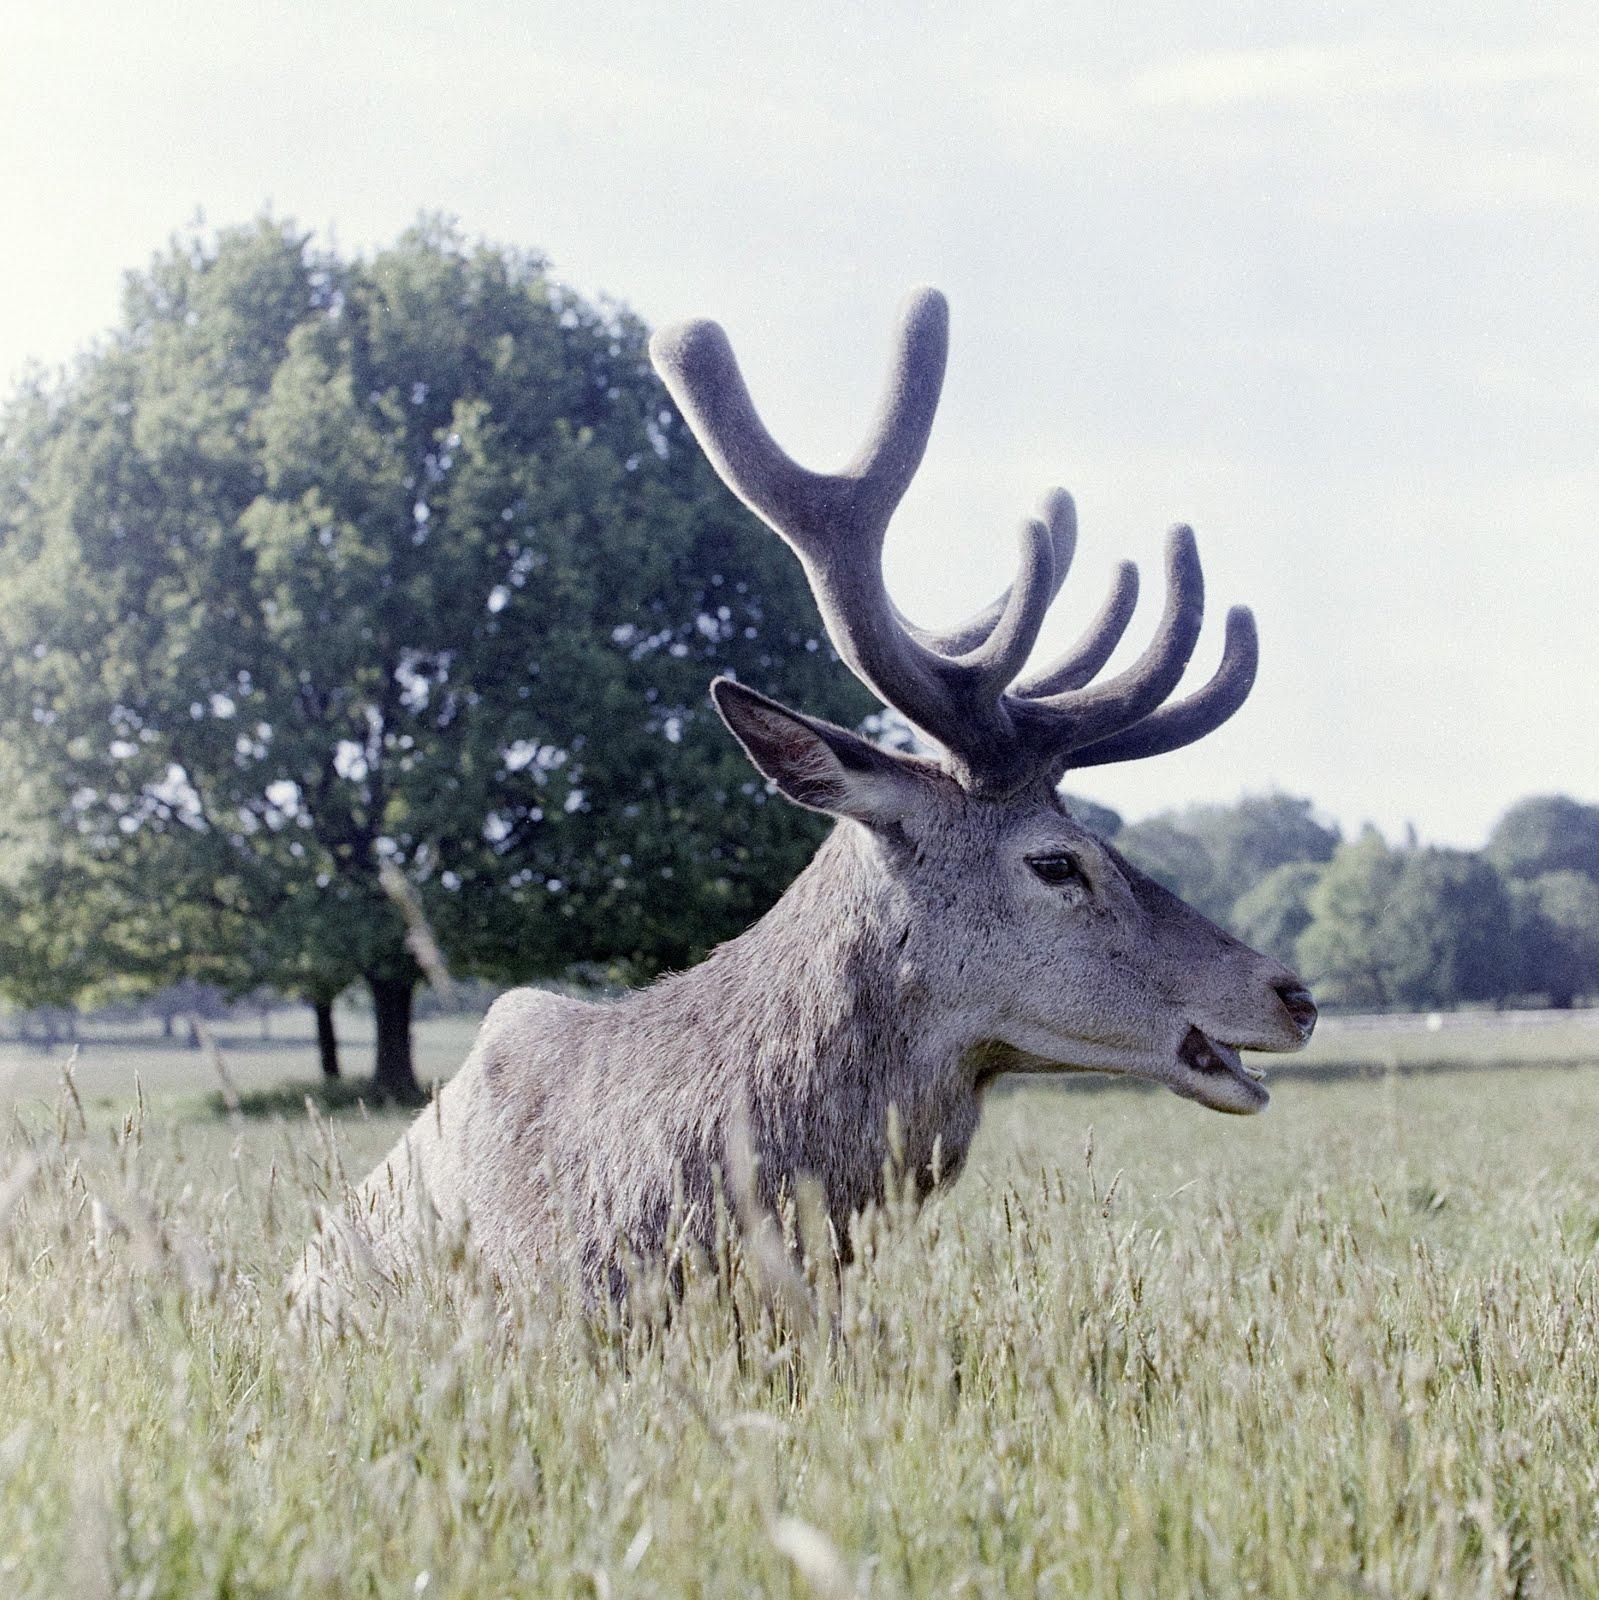 deer taken with lomochrome metropolis 120 film
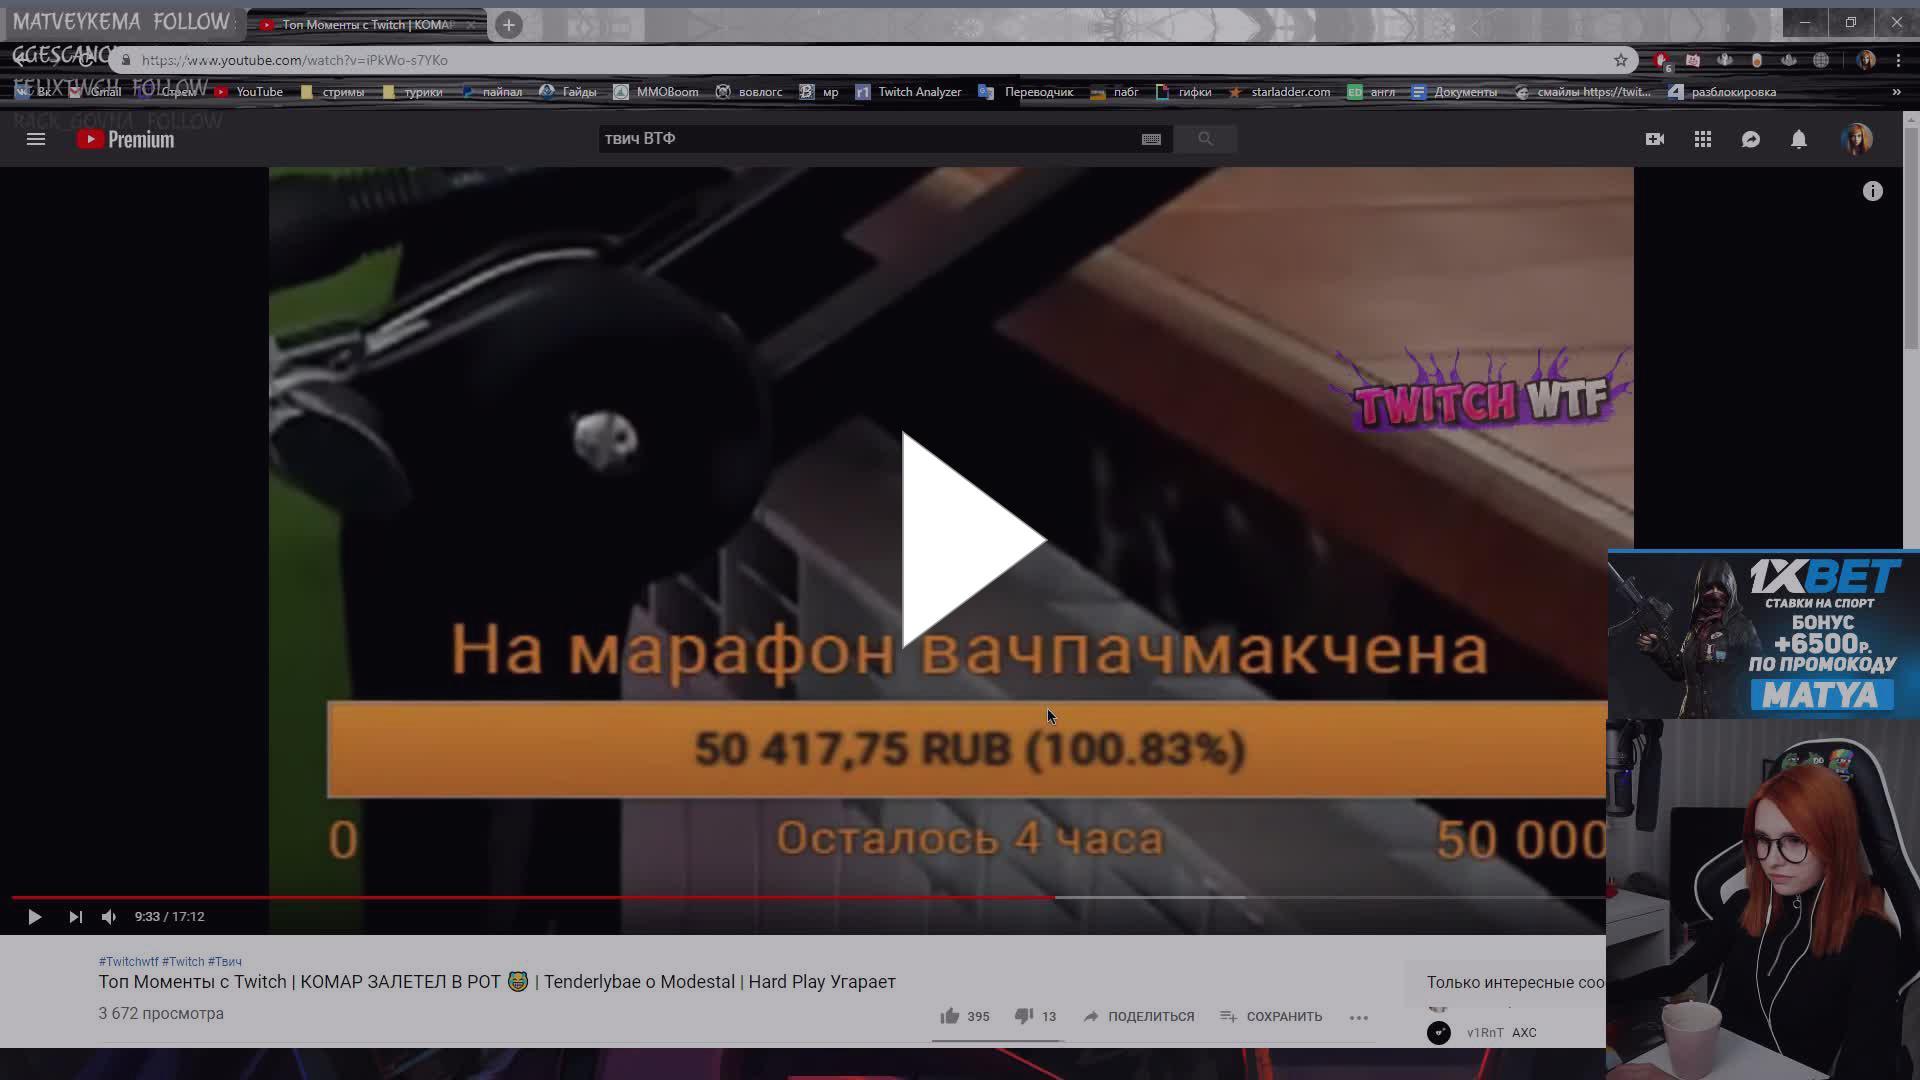 Smorodinova - ич пач мак - Twitch
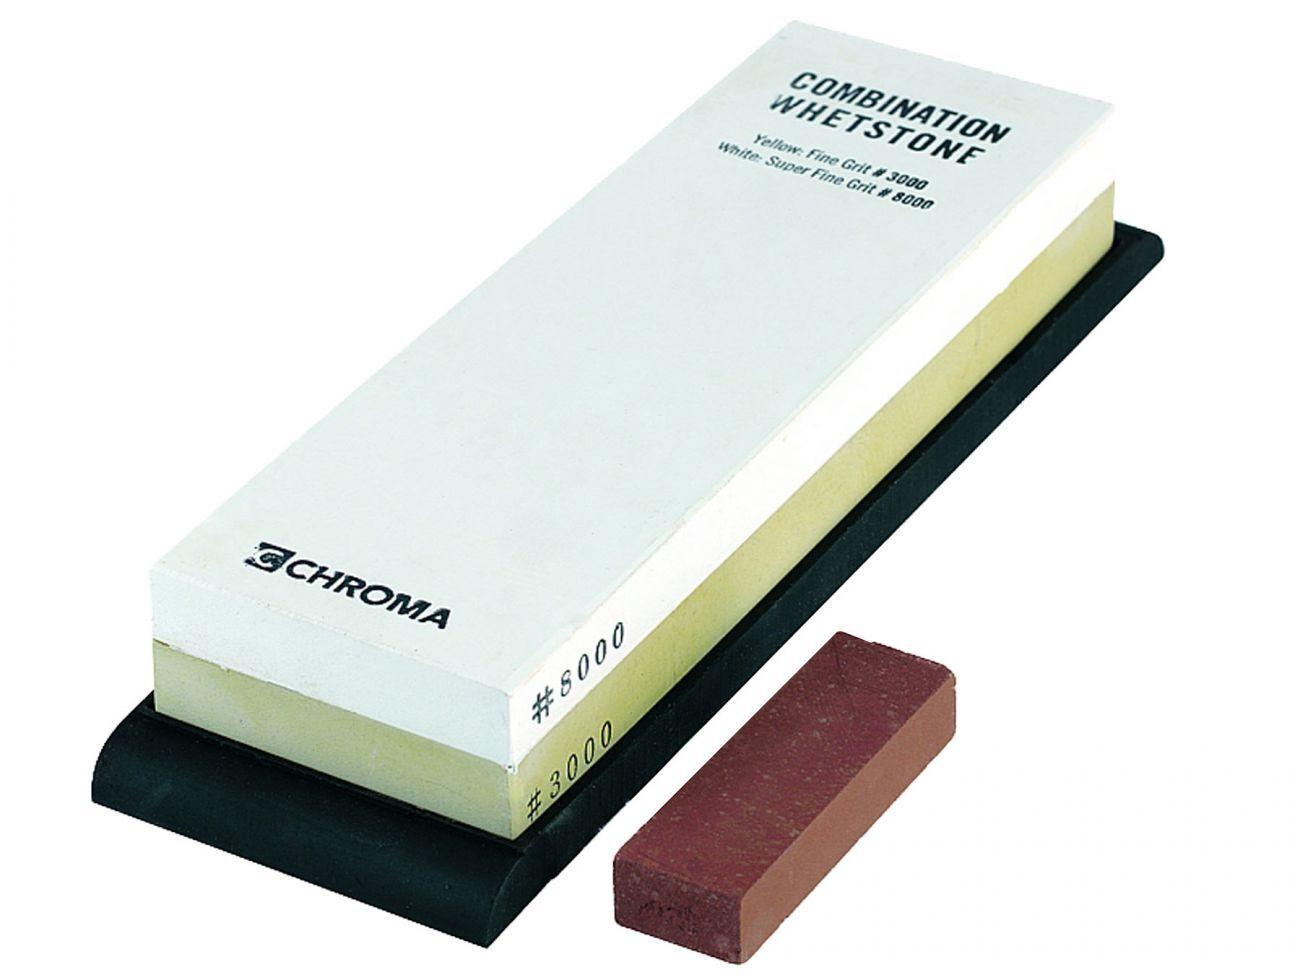 Chroma st-3 8 MEULE AFFUTAGE GRAIN 3000 8000
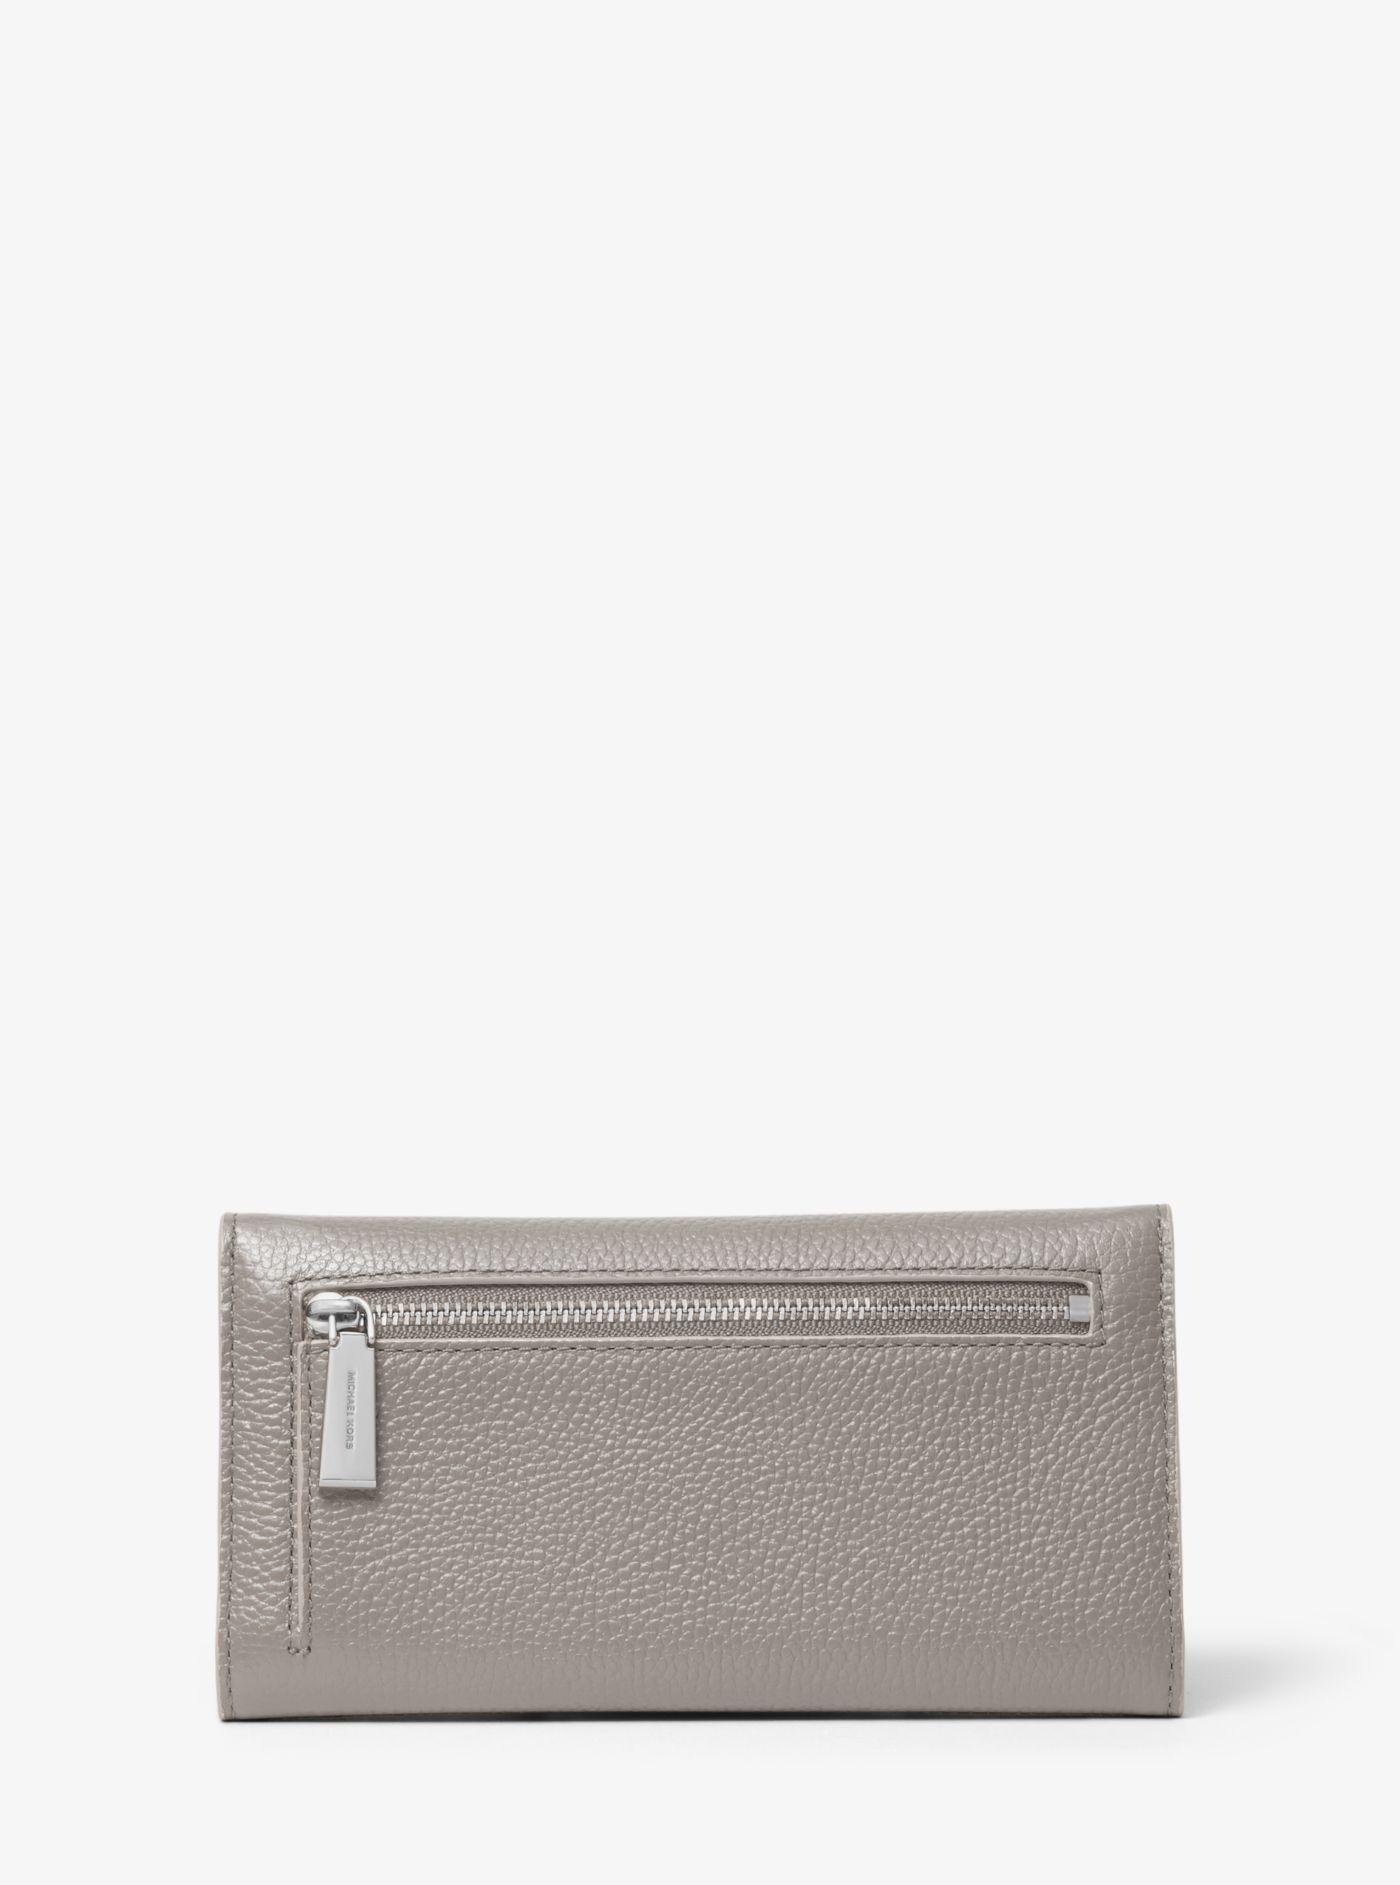 c4281483fb7b Michael Kors - Gray Large Two-tone Pebbled Leather Envelope Wallet - Lyst.  View fullscreen

Task statement: Without the pictures, transcribe the lines from the one containing "Chroma st-3 8 MEULE AFFUTAGE GRAIN 3000 8000" through the end of the data, exactly and only those.

Answer for this exercise:
 Chroma st-3 8 MEULE AFFUTAGE GRAIN 3000 8000
 c4281483fb7b Michael Kors - Gray Large Two-tone Pebbled Leather Envelope Wallet - Lyst.  View fullscreen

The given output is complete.